Rat Surgeons?

I have written previously about Australia’s cane toad problem (here and here). In 1935, cane toads were brought in to control a pest that was feeding on sugar cane in northeastern Queensland. They ended up being ineffective at controlling the pest, and because they have few natural predators there, Australia was ineffective at controlling them. They have been spreading out across Australia since 1935, and there is no end in sight to their population’s expansion.

As I have discussed previously, cane toads have already affected wildlife in the areas where they have become established. Because they are large (for toads) and the adults are poisonous to snakes, for example, the average head size of a snake has decreased in those areas with a significant cane toad population. After all, the snakes that have large enough heads to eat the adult toads die. As a result, snakes that can’t eat them (snakes with smaller heads) are significantly more likely to survive. They survive because they cannot eat what would kill them!

But there is another way to survive in the presence of cane toads: figure out a way to eat them without being poisoned. Based on the results of a recent study, it seems that one clever Australian predator has learned to do just that. The authors of the study were intrigued when they started finding cane toad bodies that had what appeared to be surgically-precise incisions on their bodies. They eventually set up some infrared cameras and found that golden-bellied water rats were the ones making the incisions.

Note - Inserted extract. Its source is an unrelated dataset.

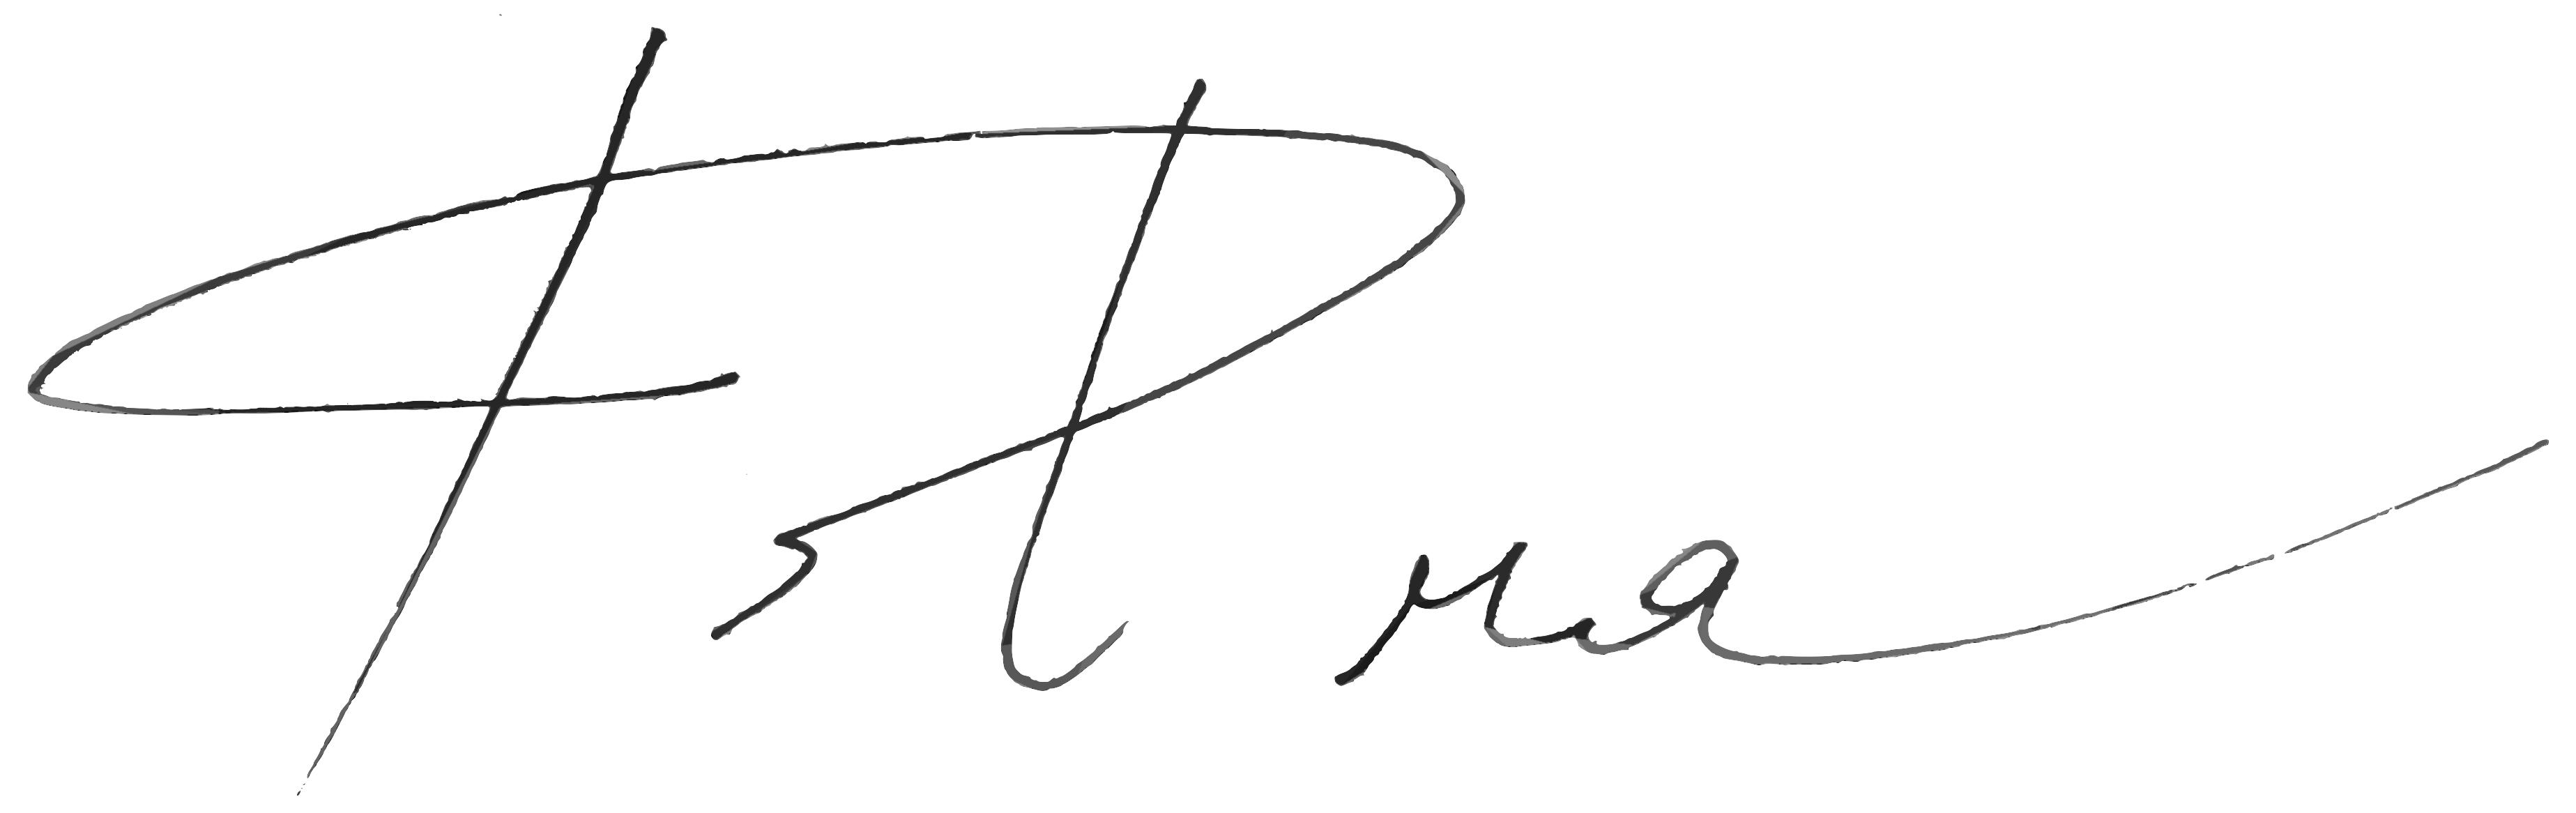 PETRA KNEZIC's Signature

It turns out that only the skin and certain organs (like the bile duct) in the frog are poisonous. If a predator can avoid those structures, it can eat the toads without being harmed, and apparently, the water rats have figured that out. The researchers found that the heart and liver had been removed in each dead cane toad, presumably eaten by the rats. In the largest toads, the skin of the legs was also peeled back and the leg muscles were eaten. The authors say that all of this was done with a high level of precision.

The question, of course, is how the rats figured this out. The researchers are not sure. They know that water rats feed on other toad species as well as the younger cane toads that aren’t as poisonous, and it may be that in this area, that’s the way rats eat all the toads they kill. It’s also possible that some rats just stumbled onto this technique and passed it on to their offspring. As the authors note, water rats care for their offspring for weeks after they have been weaned, so it would be easy for the young rats to learn how their parents are eating the toads. The researchers note that for now, this feeding technique is limited to the water rats in certain areas, but they suggest that it might spread as time goes on.

Add the Australian water rat to the ever-growing list of surprisingly clever animals (see here, here, and here.)

2 Comments

  1. John D says:

    Fascinating! I’ve always wondered if this type of communication with the environment is going on at a cellular level and eventually makes its way to the conscious brain. How could a rat learn to do this? It must be promoted by some inherent information gathered by it’s most base constituents – it’s cells.

    “Many explanations have been given of how Evolution has worked. The Ancients ascribed it to some inherent power in living things which they called ‘ entelechy,’ i.e. the power to realize an end.” – Hillaire Belloc 1926

    1. Jay Wile says:

      Yes, it is fascinating. I like the quote from Belloc, because it is so different from the nonsensical view that evolution is based on random processes. The more I study nature, the more I see organisms responding to their environment in designed ways. Even bacteria experience directed mutations to adapt rather than random mutations.